4.2 Capability of C-band SAR for measuring a time series of tropical peat swamp forest surface oscillations
A time series of surface motion can be created with only intermittent coherence from random canopy penetration using C-band InSAR. So long as enough interferometric pairs can detect the inundated surface, surface motion can be calculated. This has been possible over North Selangor, where the majority of the area had at least 456 pairs with an average coherence of >0.45. This meant that enough coherent interferometric pairs were available to create a time series of surface motion for 128 observations between 10/10/2014 and 29/04/2020 for the entire reserve. So far this has also been shown to be possible using an alternative ‘subset SBAS’ time series approach [23] and a ‘high coherence temporal subsets SBAS’ approach [24] over tropical peatland sites in Indonesia, although only by deriving annual averages per year.
This study established that in forested conditions, the tropical peat swamp surface contributed to the coherent signal at North Selangor, dependent on temporally random canopy penetration. However, it must be confirmed whether this model applies to other tropical peat swamp forest environments. Undisturbed tropical peat swamp forests characteristically have dense tree cover and high floral diversity [52]. They are controlled by hydrology, climate, underlying geology, nutrient availability and vegetation dynamics. Hydrology is an especially important control, especially for SAR observations, as it controls surface water presence, types of vegetation and rates of surface accumulation and decomposition. Seasonal flooding is widespread due to seasonal precipitation and/or river dynamics, where large and rapid surface level changes can occur, in the order of 10–20 cm [53, 54]. These magnitudes exceed the C-band wavelength (5.6 cm), which could lead to potential interferometric fringe ambiguities and an underestimation of surface motion, as documented by Umarhadi et al. [55]. On the other hand, high surface moisture levels all year round combined with an established forest stand mean that tropical peat swamp forests could exhibit sufficient intermittent coherence over the course of a longer period, as was the case at North Selangor.
However, in SE Asia, widespread logging has occurred since the 1960s, leading to the construction of networks of ditches which has resulted in extensive drainage and subsidence of many tropical peat swamp forests. As of 2015, Miettinen et al. [11] estimated that 70% of the original extent of SE Asian peat swamp forest had been lost, with 20% drained and converted to oil palm plantations. Comparatively, South and Central American and African peatlands remain relatively understudied compared to SE Asian peatlands [56]. However, it is largely agreed that tropical peatlands in these continents are anthropogenically disturbed to a much lesser degree, but that risk of degradation is rising in these areas with an increase in forestry and commercial agriculture, exploitation of the water resource and urbanisation [57–60]. Further, fire is an increasing risk to these environments with the exacerbation of climate change [61, 62]. Drainage, associated agricultural conversion and fire all typically result in the removal of forest cover and reduction in soil moisture, which have implications for SAR backscattering coherence in these disturbed environments in SE Asia. Absence of standing water will increase the roughness of the surface layer and therefore result in a more diffuse backscattering signal and lower coherence. Removal of trees will reduce the opportunity for double- and multiple-bounce backscatter and reduce the likelihood of coherence.
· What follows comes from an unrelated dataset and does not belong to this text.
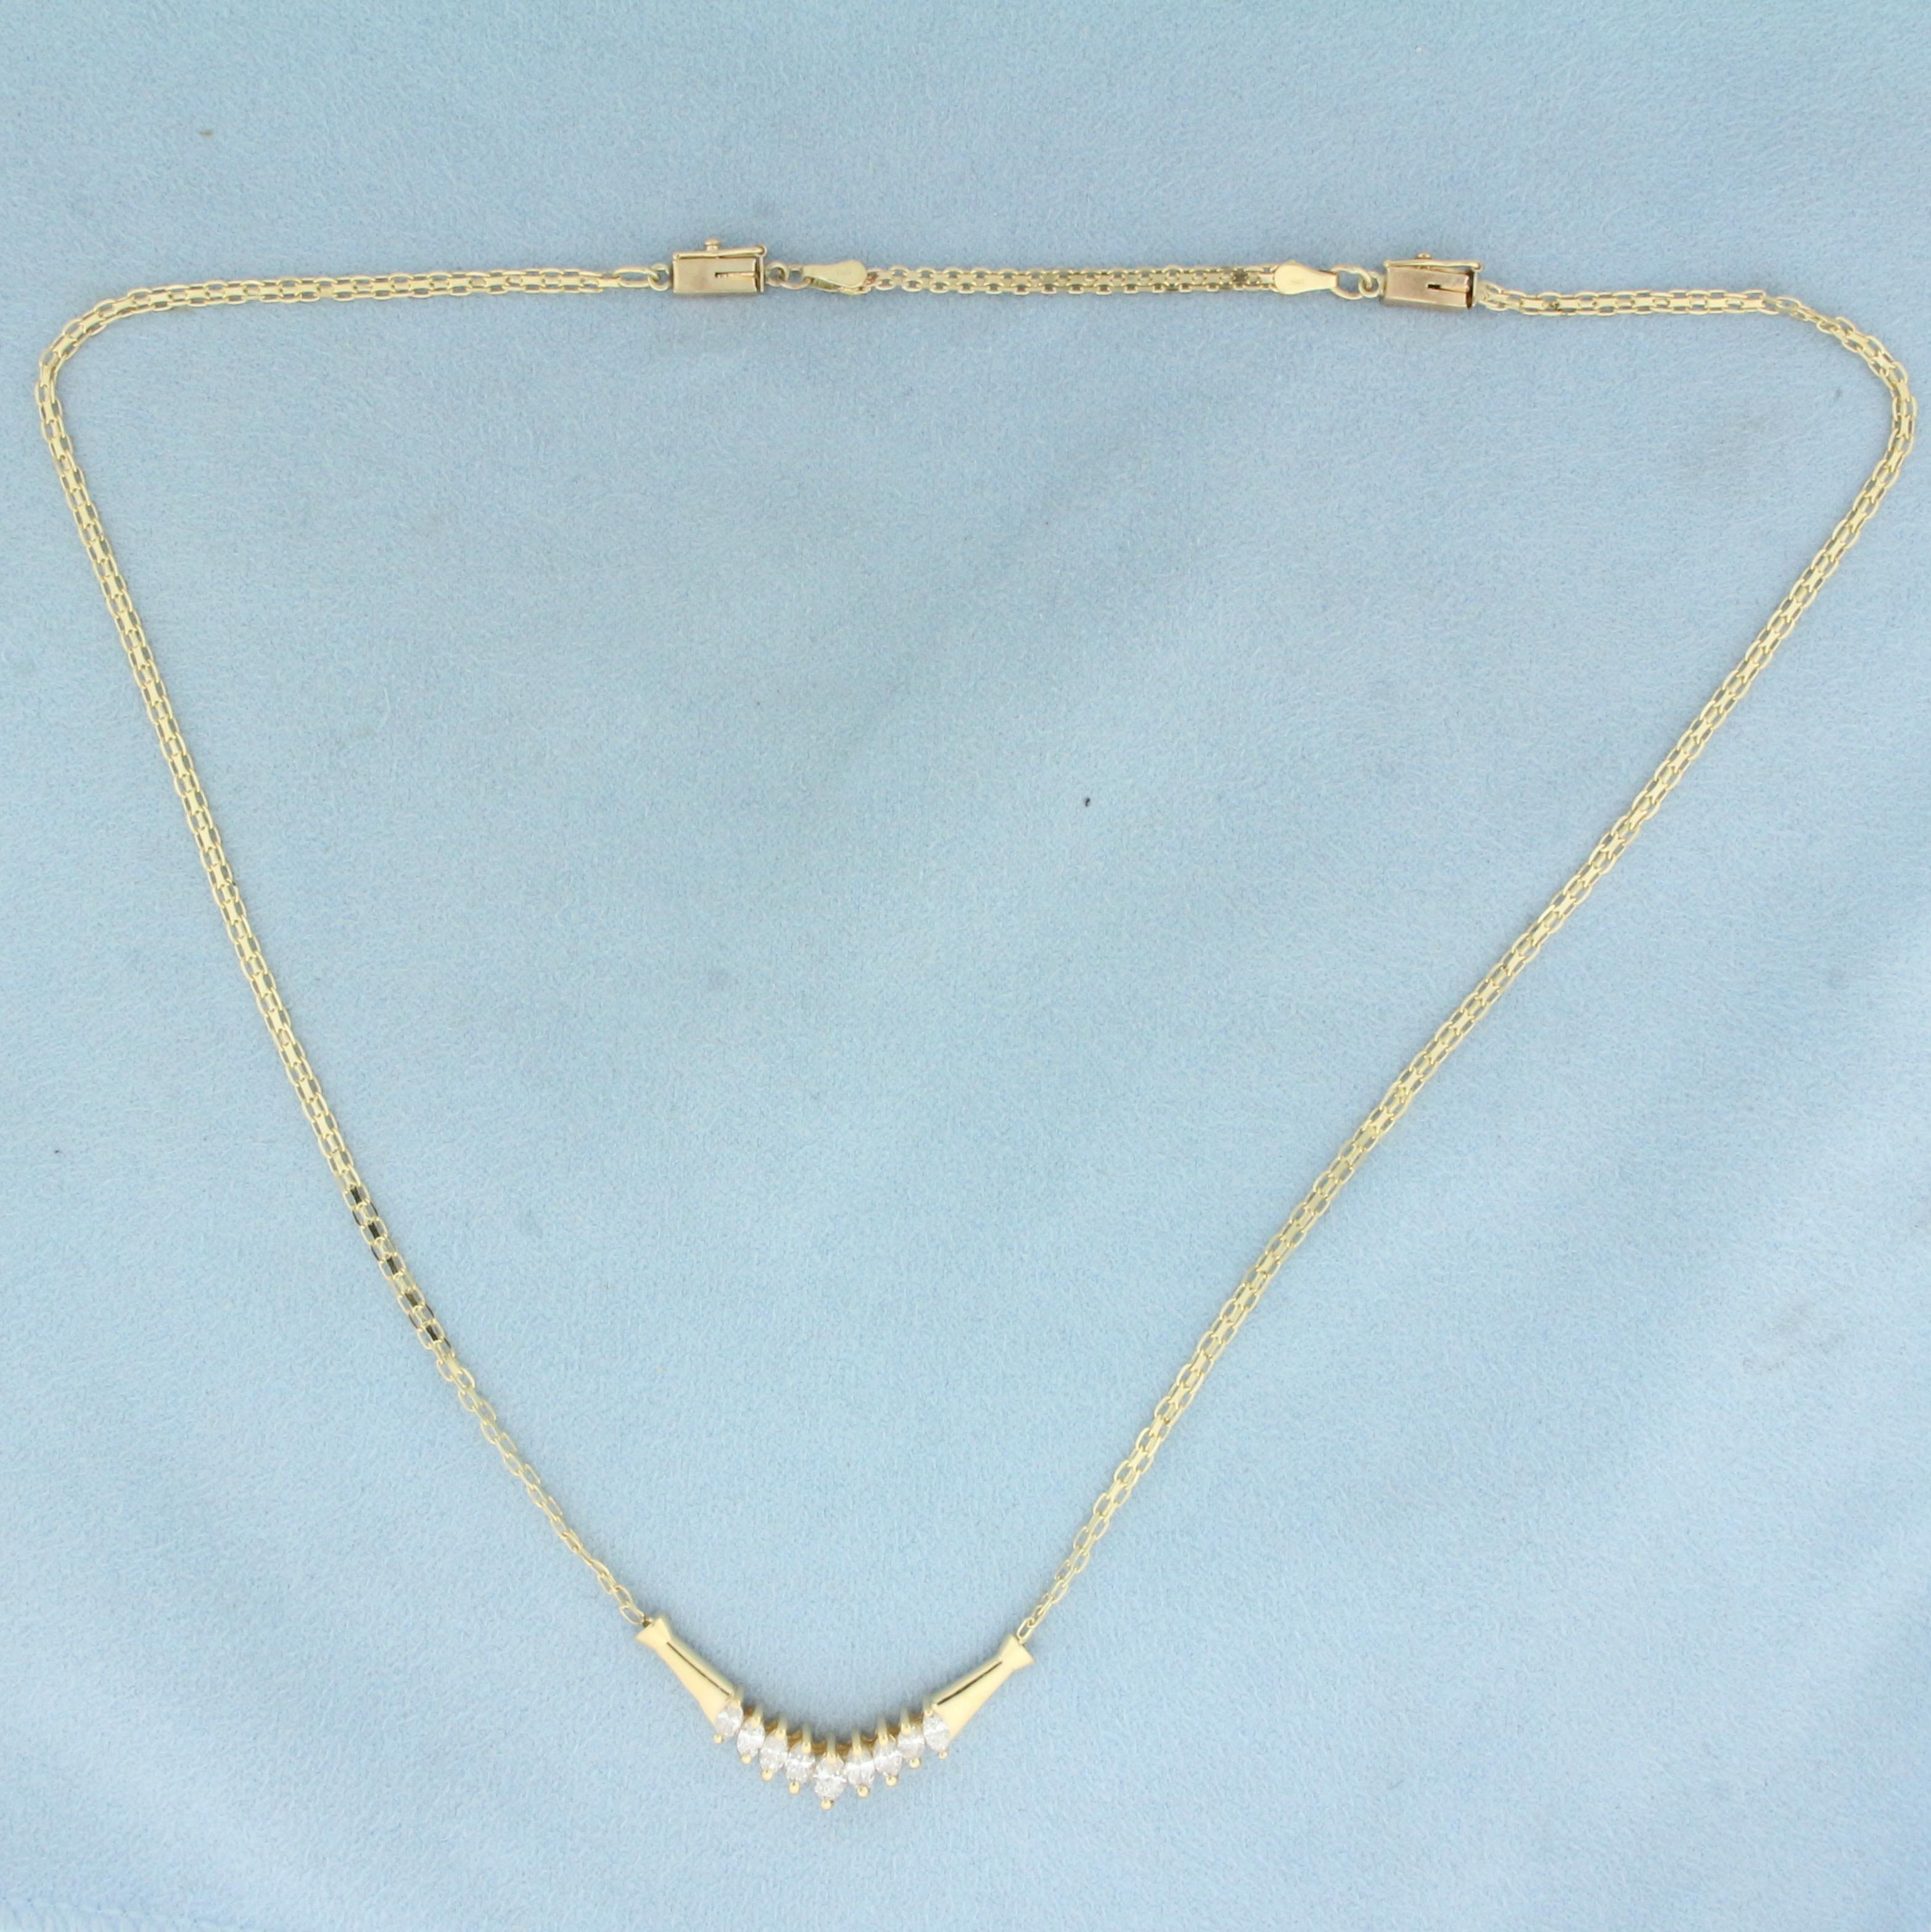 Marquise Diamond Adjustable Length Necklace In 14k Yellow Gold

As a result, tropical peat swamp forest systems overall are less likely to produce coherent pairs into the future.
Despite these anticipated changes in peat swamp forest environments, the planned continuation of current missions, recent advances in data availability and the launch of new missions mean that the APSIS time series method will be even more widely applicable for long-term seasonal time series analysis. Firstly, the anticipated launches of Sentinel-1C and Sentinel-1D will expand the C-band data acquisition period up to at least 2031, providing at least 17 years of regularly acquired data with global coverage [63]. This will produce the longest time series of freely available C-band data yet. Furthermore, the Japan Aerospace Exploration Agency (JAXA) ALOS-2 PALSAR-2 ScanSAR data with L-band wavelength at 14 day repeat pass has very recently been made publicly available, and the impending NASA (North American Space Agency) and ISRO (Indian Space Research Organisation) mission (known as NISAR) will be the first dual-frequency mission (L-band and S-band) to be launched. With acquisitions every 12 days, this mission will have great potential for subsidence monitoring, soil moisture estimation [64], and therefore forest and wetland carbon estimation [65]. After the planned 3-year lifespan, and potential follow-up missions, the NISAR mission, alongside the ALOS-2 data, present great potential for the production of a long-time series of freely available L-band data for seasonal tropical peat swamp forest subsidence monitoring. With the many benefits of L-band data for peatland subsidence monitoring explored previously [16–18], this mission also presents great potential for widespread and regular monitoring of tropical peatland systems with high coherence in the future. Overall, the scheduled provision of both L-band and C-band for tropical peat swamp forest surface oscillation monitoring means that complimentary analysis optimising both spatial coverage and accuracy of displacement rates could take place.
5. Conclusion
This proof-of-concept study has shown the potential for C-band Sentinel-1 radar to penetrate the forest canopy in leaf-on conditions over tropical peat swamp forests, and has shown that it is applicable to a wide range of land covers. It indicates that moderately dense tropical peat swamp forests enable double- and multiple-bounce returns for C-band radar in leaf-on conditions, providing the possibility that coherence over these environments is temporally random. With the sufficient time series length and frequency of acquisition provided by Sentinel-1, the APSIS-InSAR technique could characterise the spatial and temporal dynamics of tropical peat surface displacement on a regional scale, and with greater applicability in the future.
Acknowledgments
Thank you to the Airborne Research Facility of the UK’s Natural Environment Research Council for providing the airborne LiDAR datasets (to CB). Special thanks to the Global Environment Centre and Selangor State Forestry Department for sharing their expert knowledge on peat condition and subsidence patterns at North Selangor Peat Swamp Forest.
References
- 1. Ribeiro K, Pacheco FS, Ferreira JW, de Sousa-Neto ER, Hastie A, Krieger Filho GC, et al. Tropical peatlands and their contribution to the global carbon cycle and climate change. Global change biology. 2021 Feb;27(3):489–505. pmid:33070397
- 2.
Andriesse JP. Nature and management of tropical peat soils. Food & Agriculture Org.; 1988.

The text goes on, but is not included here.